Investigate the demo contents#

Let’s go check out the demo contents:

what data files are present
some of the properties and contents
what script examples there are

The starting data directories

sub-000 : the directory of basic/unprocessed FMRI and anatomical data for this participant
SSW : output directory from running AFNI’s sswarper2, which skullstrips the participant’s anatomical volume and calculates a nonlinear warp to a chosen template space (here, MNI)
SUMA : output directory from running FreeSurfer’s recon-all and AFNI’s @SUMA_Make_Spec_FS, which contains anatomical surface meshes and volumetric parcellations

The demo scripts

do_01_gtkyd.tcsh : before any processing takes place, run gtykd_check.py to Get To Know Your Data (GTKYD), checking for unwanted or inconsistent properties
do_12_fs.tcsh : (already run) run FS’s recon-all to perform cortical mesh estimation, tissue segmentation and region parcellation of the anatomical, stored in SUMA/
do_13_ssw.tcsh : (already run) run sswarper2 to skullstrip (ss) the anatomical and estimate nonlinear alignment (warping) of it to a template, stored in SSW/
do_14_timing.tcsh : (already run) run timing_tool.py to convert BIDS-format TSV files into AFNI-format timing files, producing sub-000/func/times*txt
do_20_ap_simple.tcsh : a wrapper command for AP which essentially no options besides input data; useful for simple, quick processing (treats data like rest) to generate the APQC HTML and other QC info
do_21_ap_affine.tcsh : a task-based analysis using the stimulus timing info and more control of options; the primary teaching example, it only uses affine alignment of anatomical->template space, for faster processing in class
do_22_ap_nonlinear.tcsh : the same as do_21*.tcsh but applying nonlinear warping to template space from sswarper2 (alrady run, via do_13_ssw.tcsh), making it a more real example.
do_23_ap_surf.tcsh : a surface-based processing example, using a mesh estimated with FreeSurfer’s recon-all (already run, via do_12_fs.tcsh)

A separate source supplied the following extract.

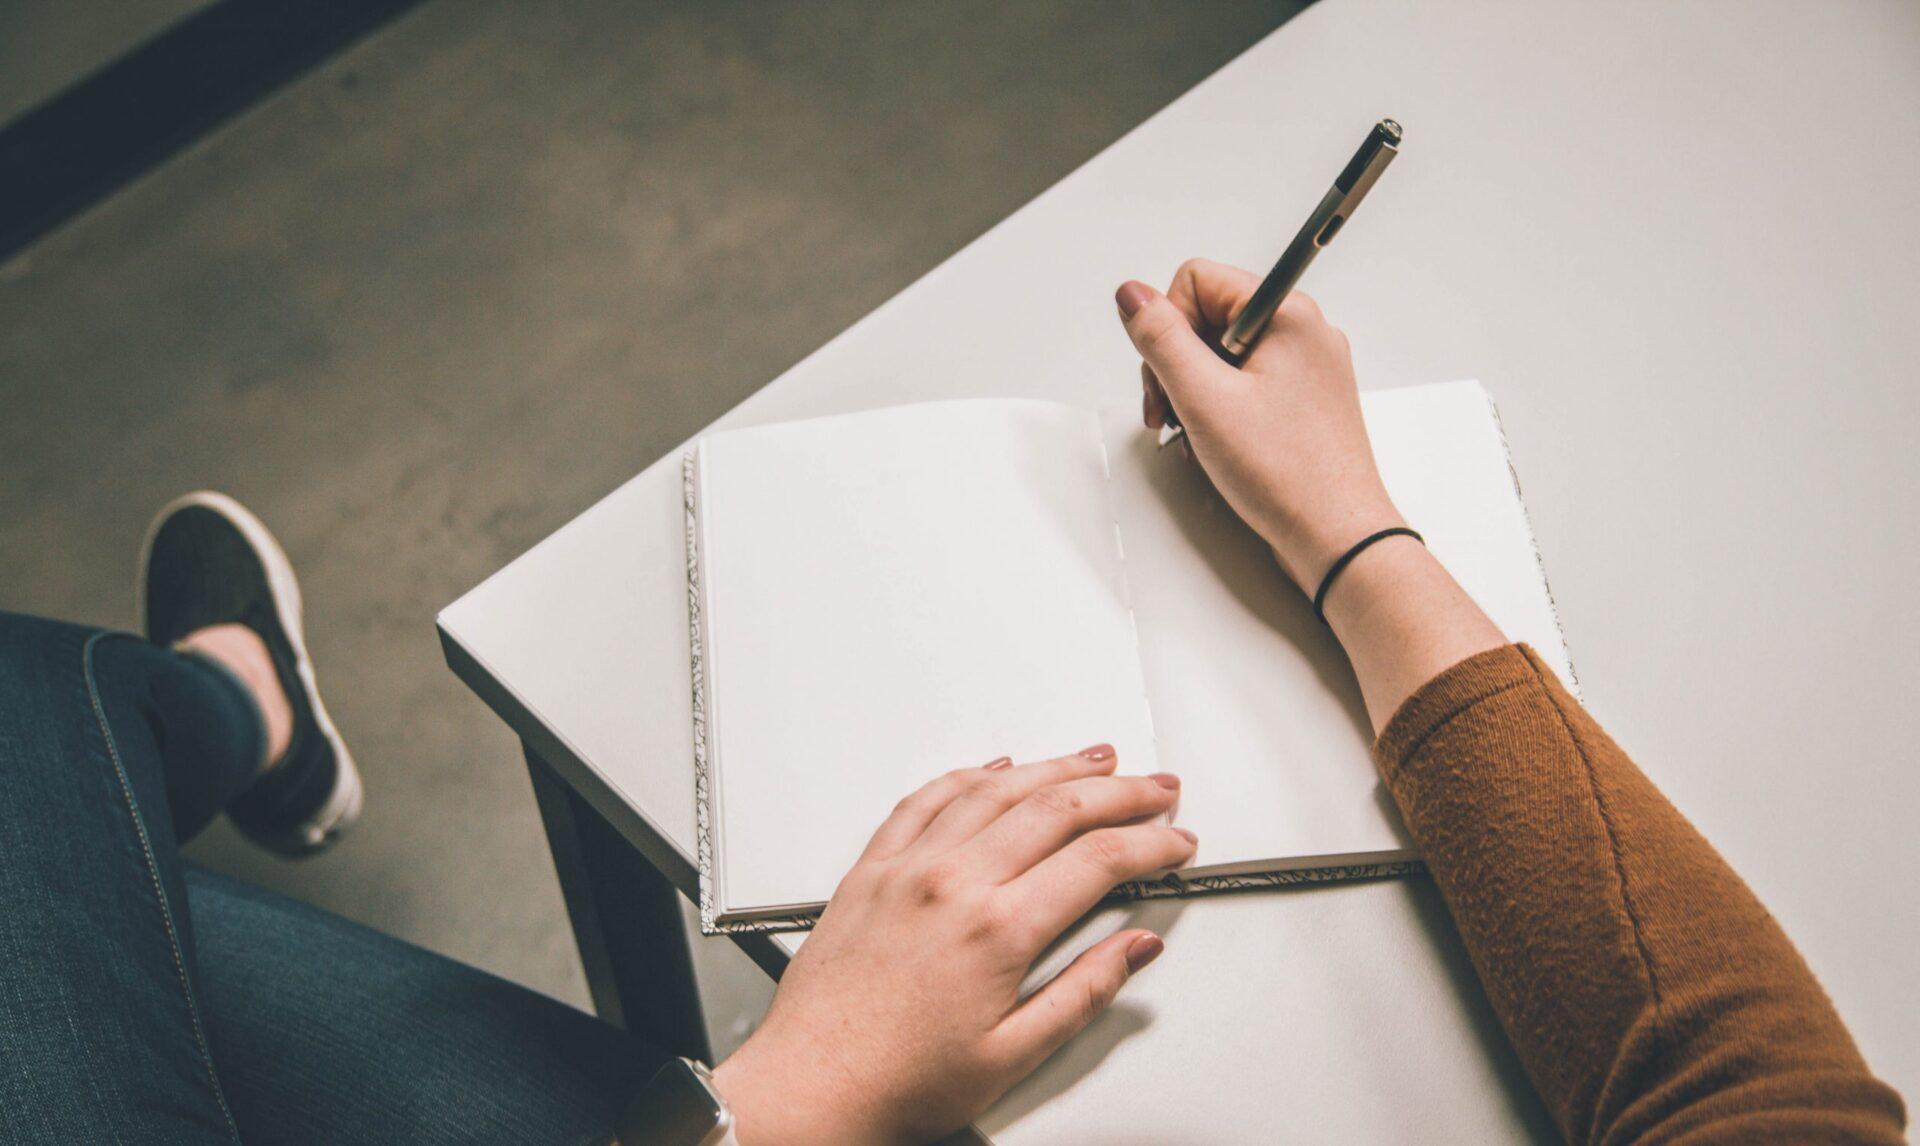 Prendi appunti! Ecco 3 strategie utili per scrivere la tua lettera di presentazione da architetto.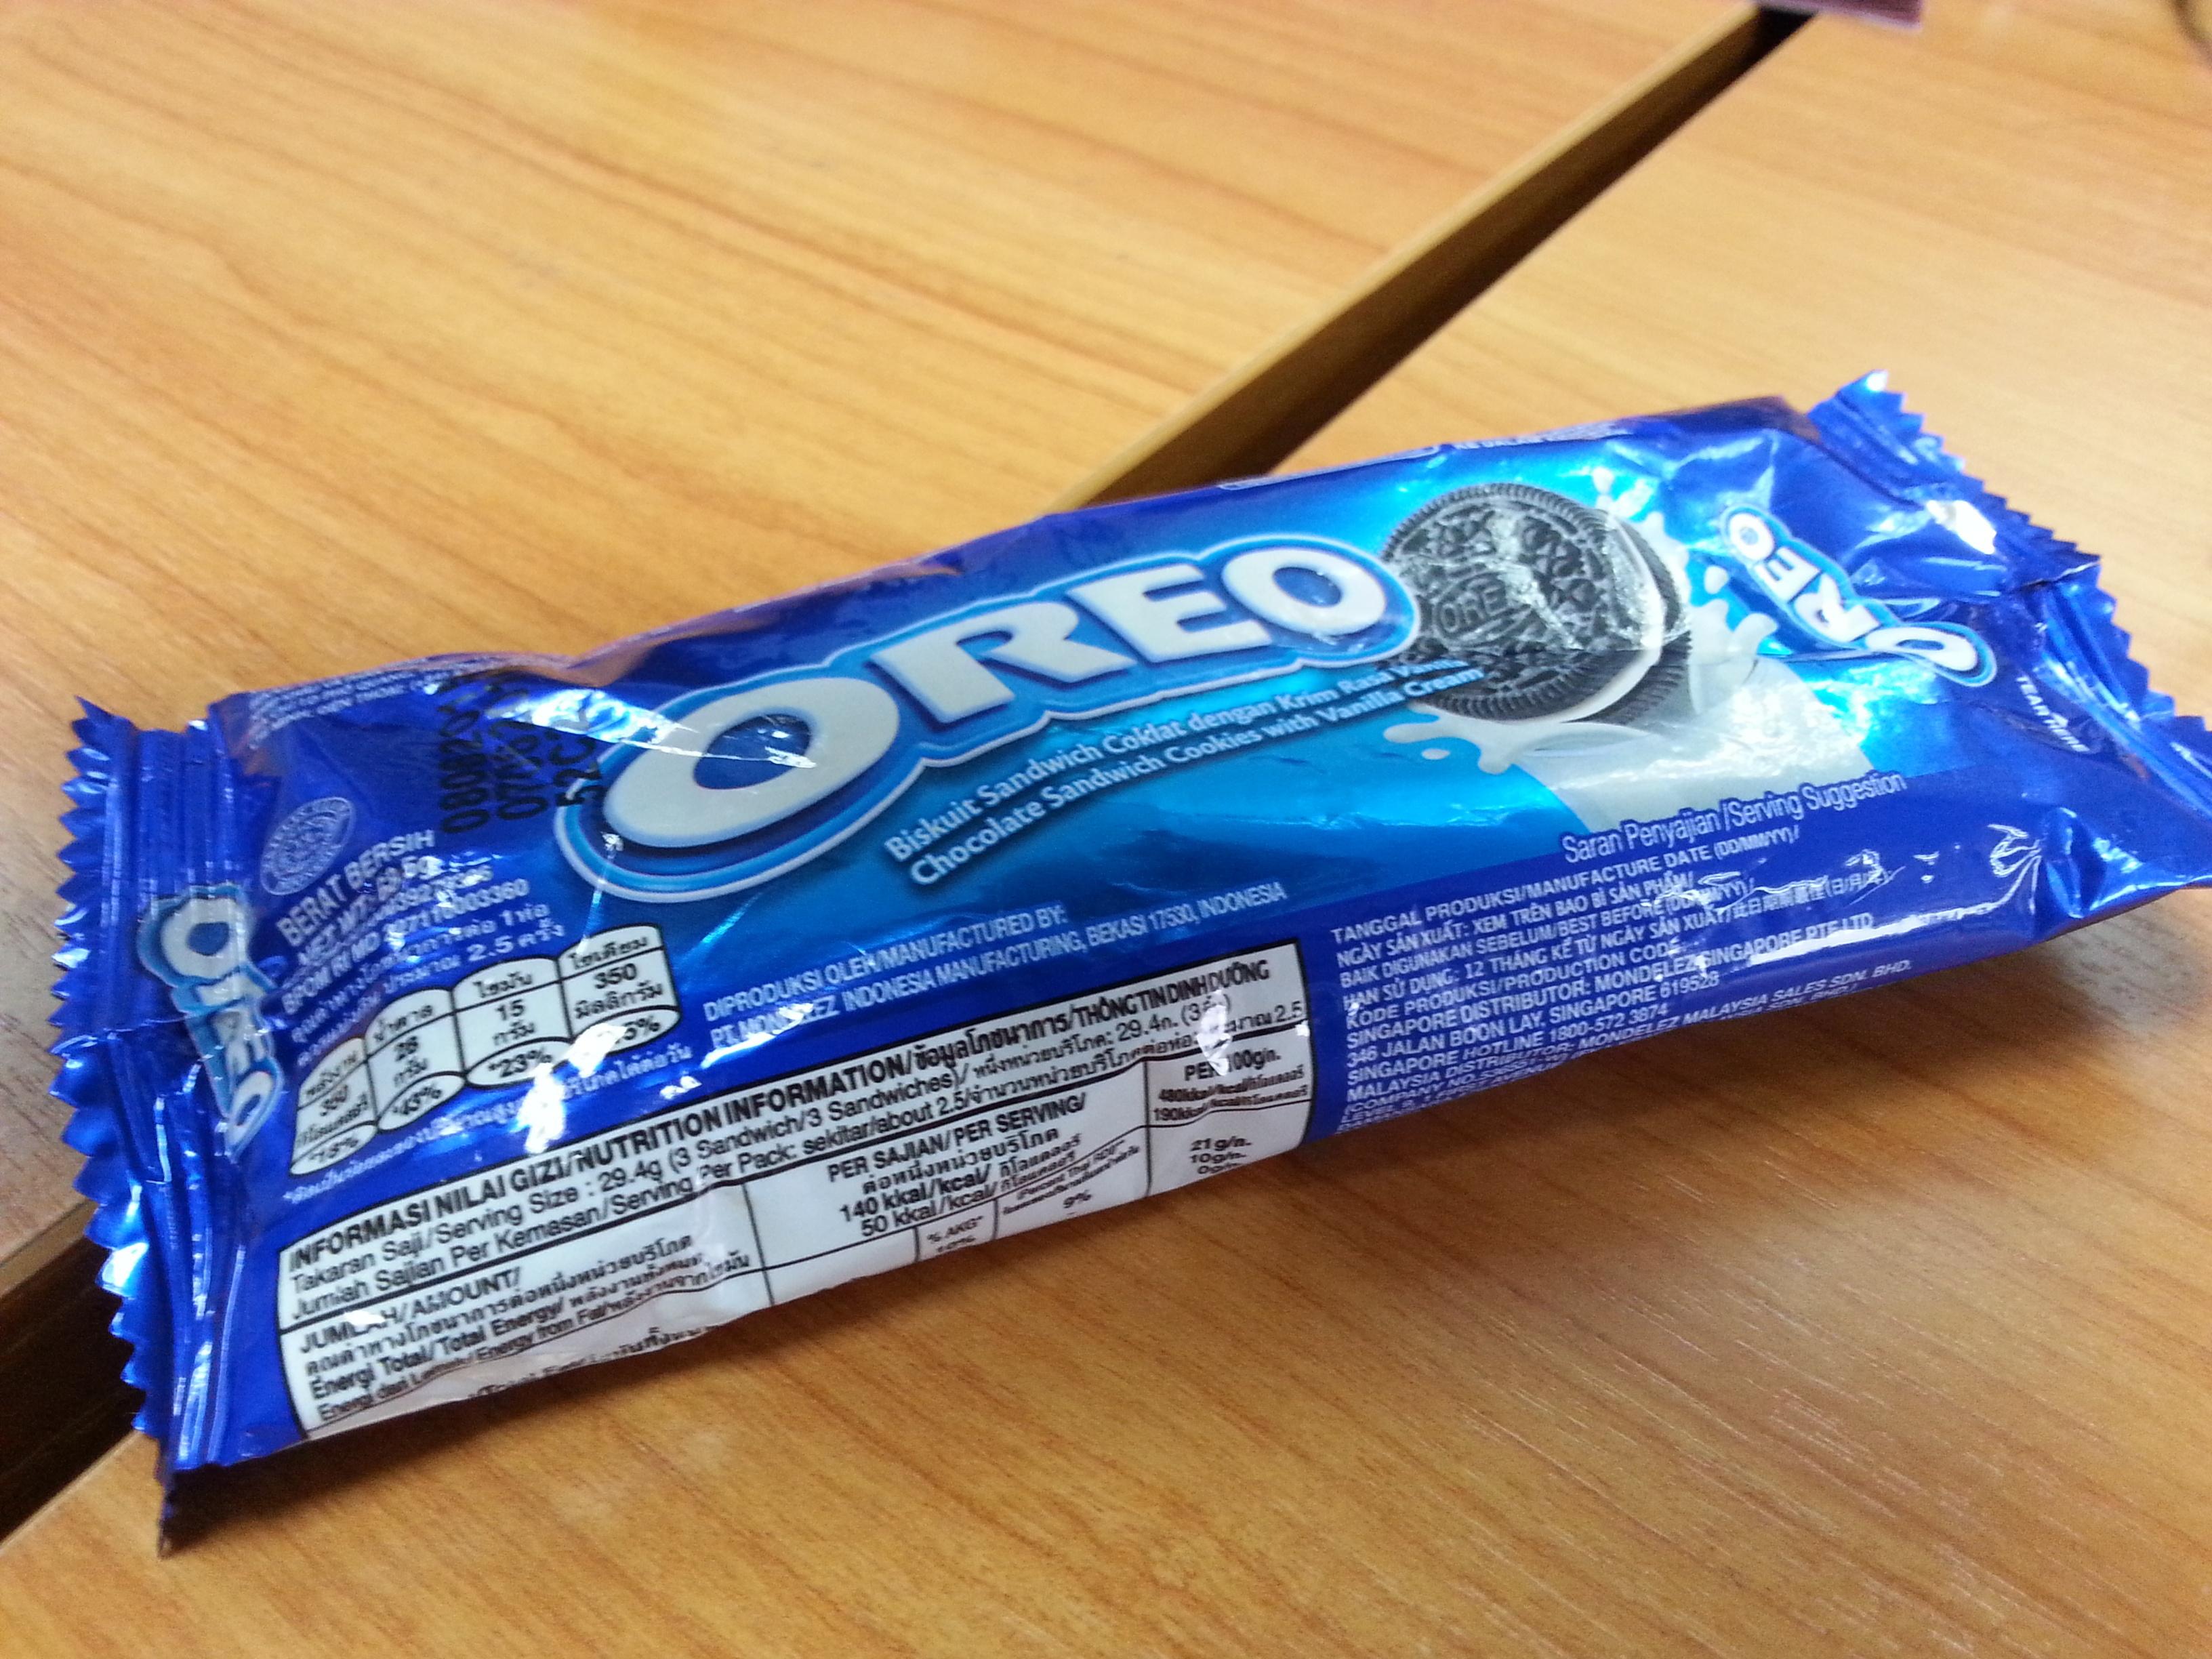 Oreo cookies - Product - en

… and other stuff, including what will be created as we run the scripts

README.txt : description of demo directory contents
example_snapshots : images to support the jupyter-notebook description
proc* : for provenance, verification and education, AP creates a fully commented script of the complete processing; this gets executed to do the work
run* : when running the “simple” AP processing, a copy of the command is saved for reference
out* : for provenance, verification and troubleshooting, we try to execute the proc* scripts in a way that logs all terminal text, to these files
sub-*.results : the results directory from running an AP proc* script; contains a lot of intermediate outputs and QC items, to assist verification checks

# display the files present
!ls -1 --color

README.txt
SSW
SUMA
do_01_gtkyd.tcsh
do_12_fs.tcsh
do_13_ssw.tcsh
do_14_timing.tcsh
do_20_ap_simple.tcsh
do_21_ap_affine.tcsh
do_22_ap_nonlinear.tcsh
do_23_ap_surf.tcsh
example_snapshots
save.proc.sub-000.affine
sub-000

The basic input data: brief overview

This example uses a BIDS-ish data structure and set of names for datasets. AP is flexible and happy to use these as inputs.

There is one T1-weighted (T1w) anatomical volume: anat/sub-000_T1w.nii.gz. This is a 3D volume, typically of higher spatial resolution than the FMRI data and providing clear anatomical information.

There are 3 EPI-based FMRI datasets, which contain a record of blood oxygen-level dependence (BOLD) signal changes throughout the brain: func/sub-000_task-av_run-0?_bold.nii.gz. These were acquired while the subject performed a task (described below), each has a BIDS-formatted record of event timing: func/*events.tsv. These are each “4D” datasets, because they have three dimensions of space and one dimension of time. These three runs were all acquired in the same session, so we will process them all together in a single AP command.

The final two text files that contain (most of) the necessary timing information for the task paradigm performed by the subject during the FMRI runs, in a simple format used by AFNI programs: func/times.*.txt. Each text file contains the event timing information for one of the two stimulus class types, during this audio-visual task used here:

“vis” class: “visual reliable” presentation of a clear image of a person speaking while hearing garbled sound;
“aud” class: “audial reliable” presentation of a blurred image of a person speaking while hearing clear sound.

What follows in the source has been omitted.